Yeah it actually doesn't, it raises a CALL_FUNCTION IPI on the current CPU. Maybe it should do that.
I'm sure this case has been tested (on x86), as I stressed this quite a bit, and all it takes is to have an RT task queued on the CPU processing the current "push" logic when it's not holding the rq locks and read that the current CPU now has an overloaded RT task. If calling irq_work_queue_on() is really bad to do to the same CPU, then we can work on changing the logic to do something different if the CPU returned from rto_next_cpu() is the current CPU.
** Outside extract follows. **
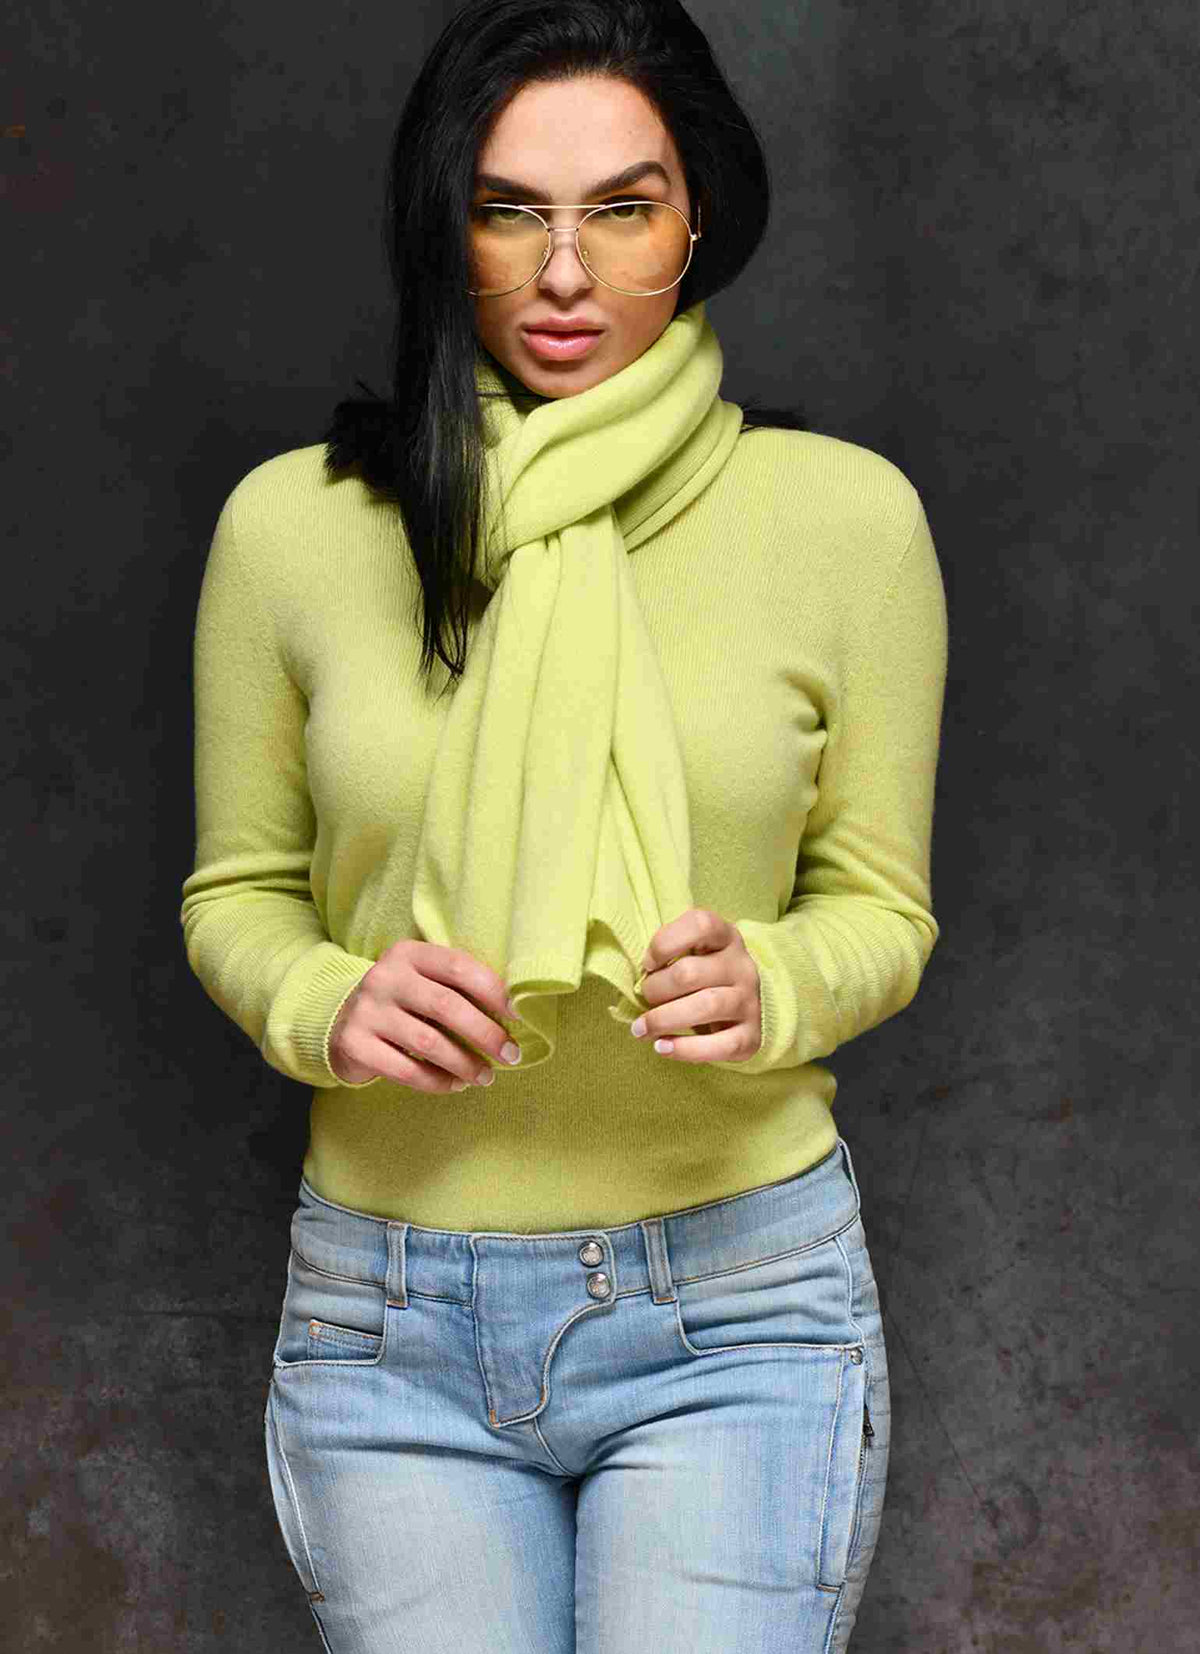 Women wearing Carmen Sol cashmere scarf with matching cashmere and sunglasses in color yellow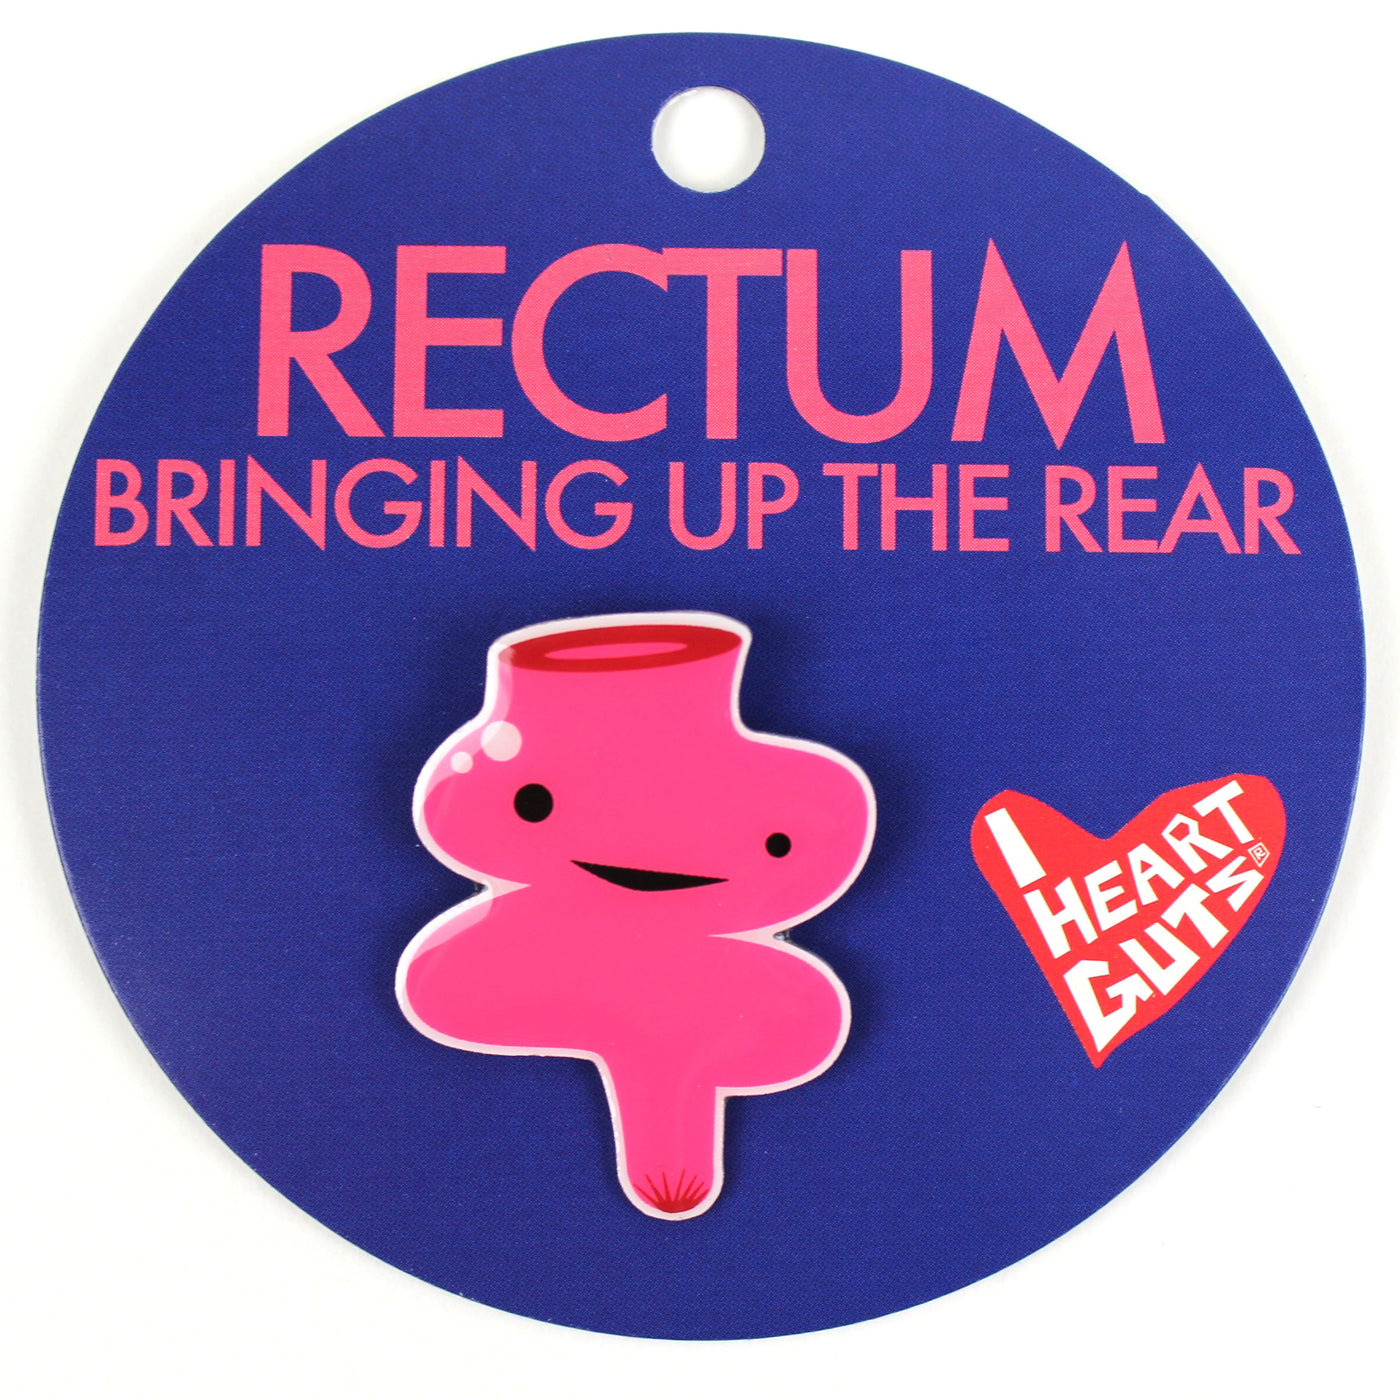 Rectum Pins | Cute Rectal Pins & Gifts - Colorectal Surgery Funny Pins

I don't actually know that it is bad. It does seem to violate the principle of least surprise for arch code though. From this bug report, I'm guessing it's pretty rare case to hit so I would worry about subtle bugs. And I just cc'ed you in case your code was actually not intending to do this.
Or would it be possible to just change irq_work_queue_on() to call irq_work_queue() if cpu == smp_processor_id()?
Something like this? kernel/irq_work: Do not raise an IPI when queueing work on the local CPU The QEMU powerpc/pseries machine model was not expecting a self-IPI, and it may be a bit surprising thing to do, so have irq_work_queue_on do local queueing when target is current CPU. Suggested-by: Steven Rostedt <rostedt@goodmis.org> Signed-off-by: Nicholas Piggin <npiggin@gmail.com> --- kernel/irq_work.c | 78 ++++++++++++++++++++++++++--------------------- 1 file changed, 43 insertions(+), 35 deletions(-)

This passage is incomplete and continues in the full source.